DO lenses have not had much customer acceptance. They have given it a new name, radial refractive optics.

They have not gone away, just changed their name.

They vary the refractive index radially just as a DO element does, except they are resin (plastic) with nano particles in them and are custom designed for each lens. Expect to see them in many new lenses, they can allow a lens to be smaller with less CA.

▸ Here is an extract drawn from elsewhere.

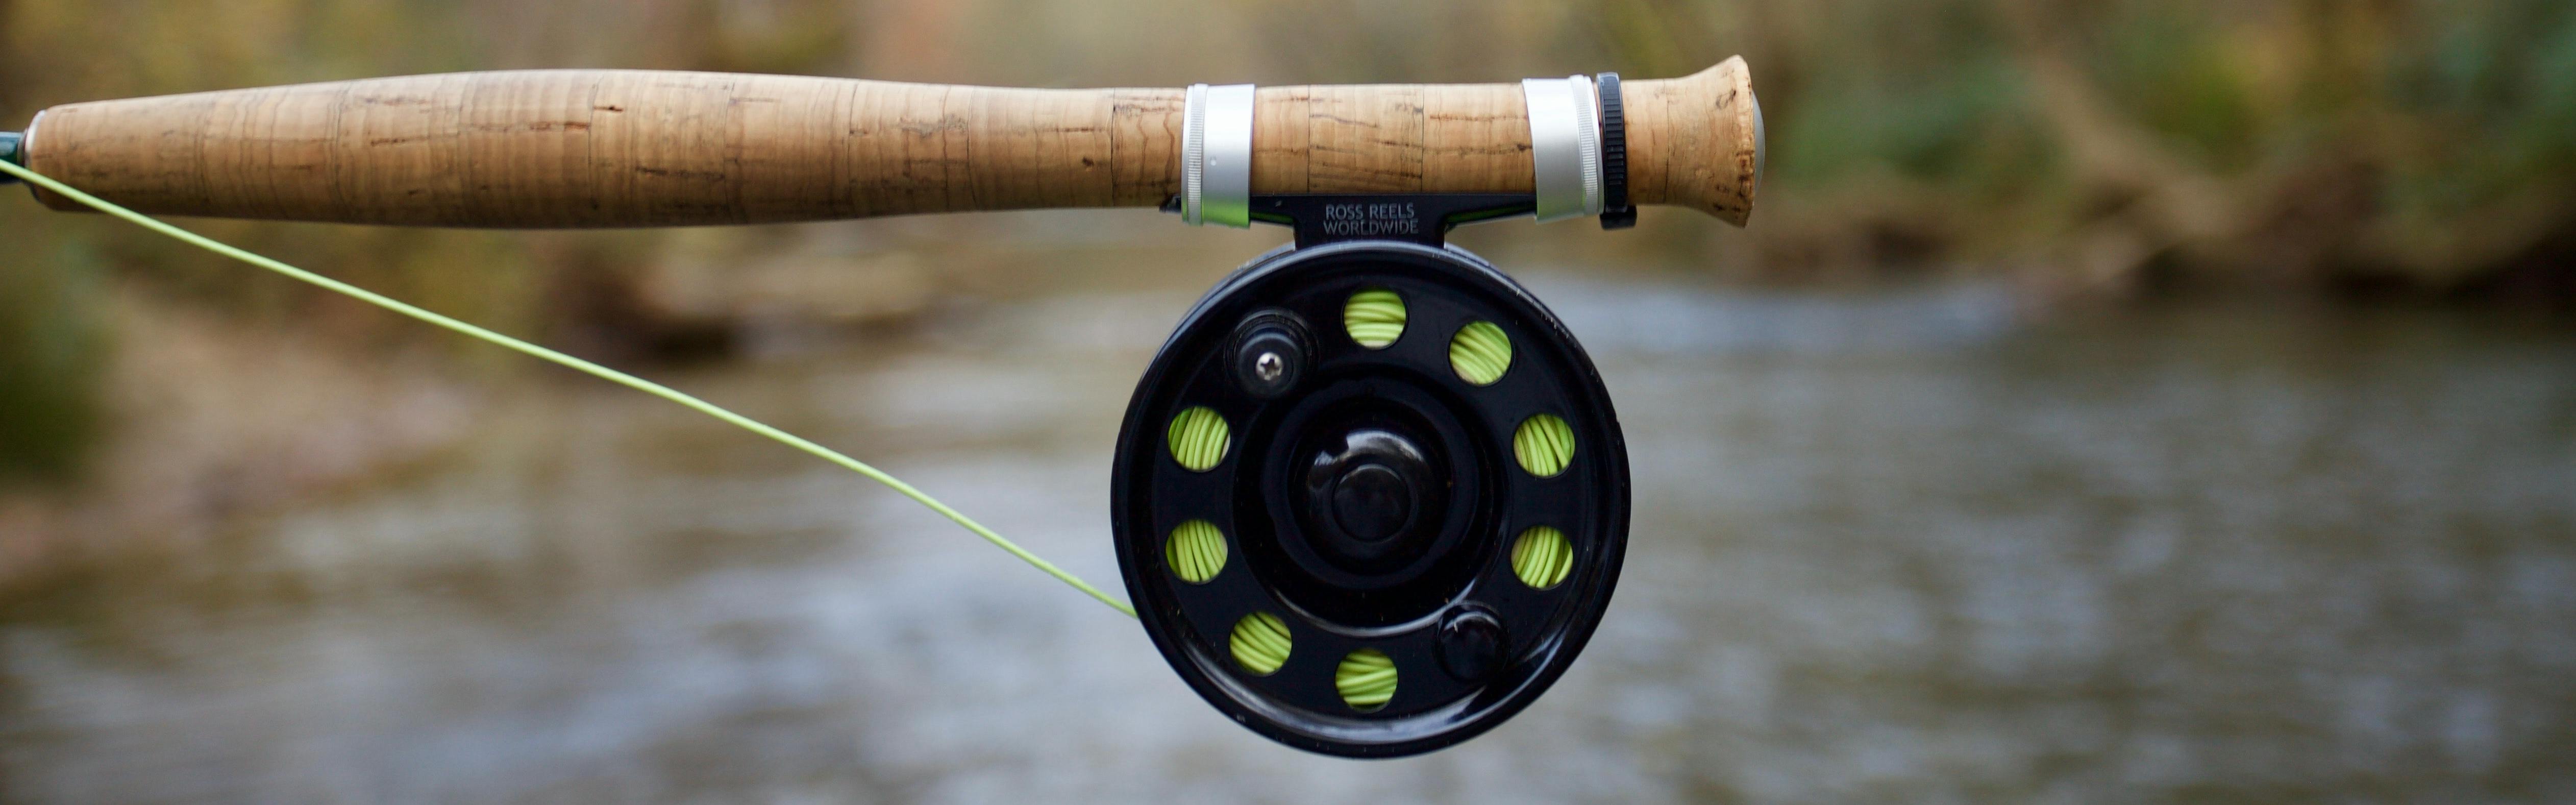  Fly Fishing Reels - Used / Fly Fishing Reels / Fly Fishing  Equipment: Sports & Outdoors

http://www.canonrumors.com/2012/01/patents-24mm-f2-8-50mm-f1-2-300mm-f4/

Descriptionescription 

Title of Invention: OPTICAL SYSTEM AND IMAGE PICKUP APPARATUS USING THE SAME 

Technical Field 

[0001] The present invention relates to an optical element using a nanocomposite material and, particularly, to an optical system suitable for an image pickup system and an eyepiece system. Background Art 

[0002] It has heretofore been known that an effective aberration correction is attained by providing a lens with a desired refractive index distribution (gradient refractive index). Particularly, a radial-type refractive index distribution in which a refractive index is changed depending on a distance from an optical axis of the lens achieves a light collecting action by the refractive index distribution and exhibits a great effect on the aberration correction. 

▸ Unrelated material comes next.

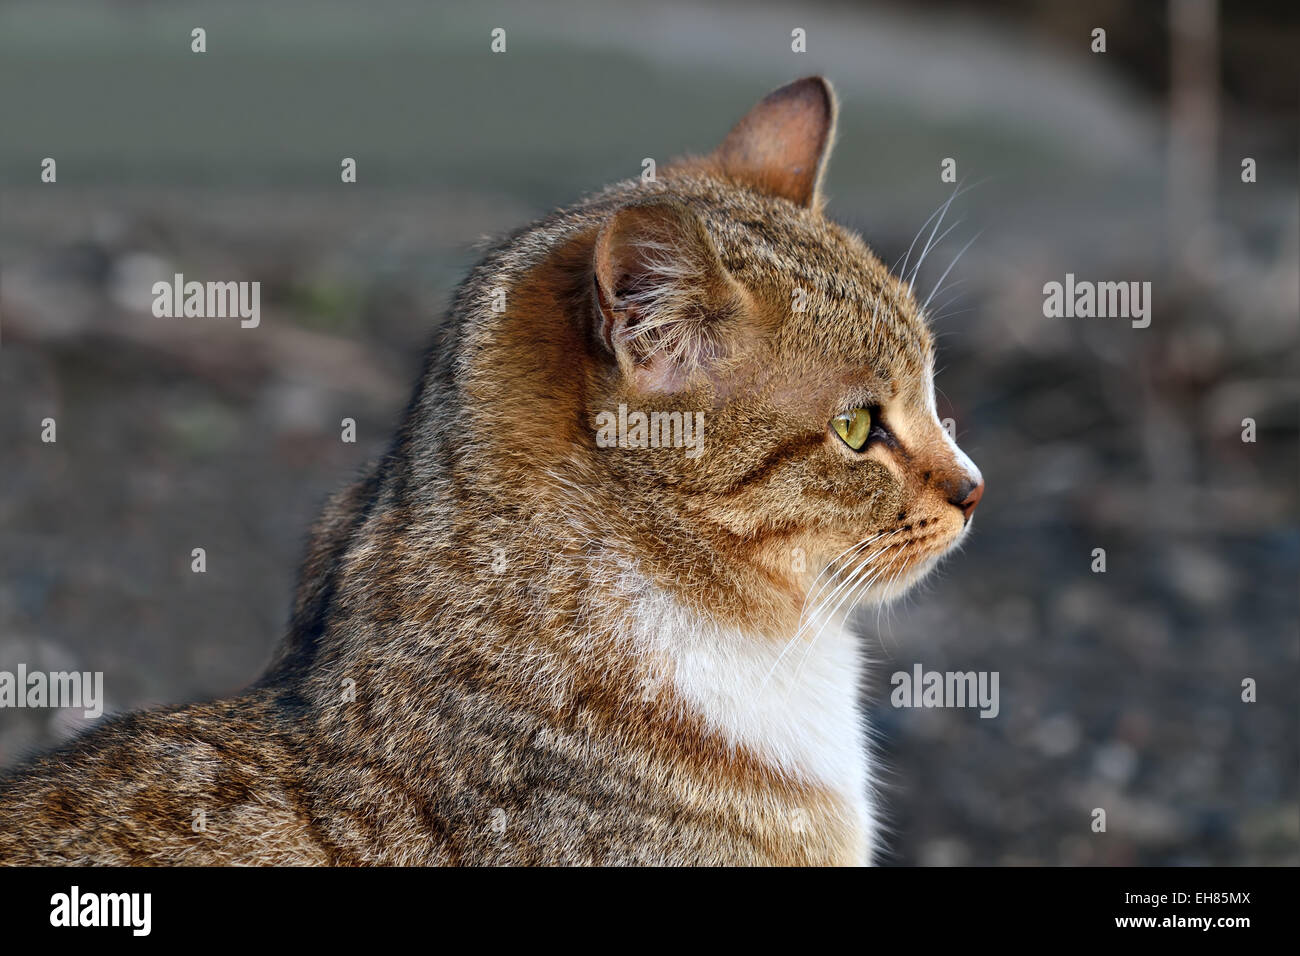 Wild cat is getting ready to jump Stock Photo

[0003] U.S. Patent No. 4,457,590 discusses a single lens having the radial-type refractive index distribution. The refractive index of the single lens changes according to a fourth-order power series expansion formula depending on the distance in a radial direction from the optical axis, thus correcting spherical aberration and coma aberration well by maintaining coefficients of the power series expansion formula to desired values. 

[0004] U.S. Patent No. 5,359,456 discusses an example of using a lens having the radial- type refractive index distribution as a part of an endoscope objective lens. The lens includes, in order from the object side, a front group divergent system having a negative power and a rear group convergent system having a positive power, and at least one of the divergent system is a gradient index lens. 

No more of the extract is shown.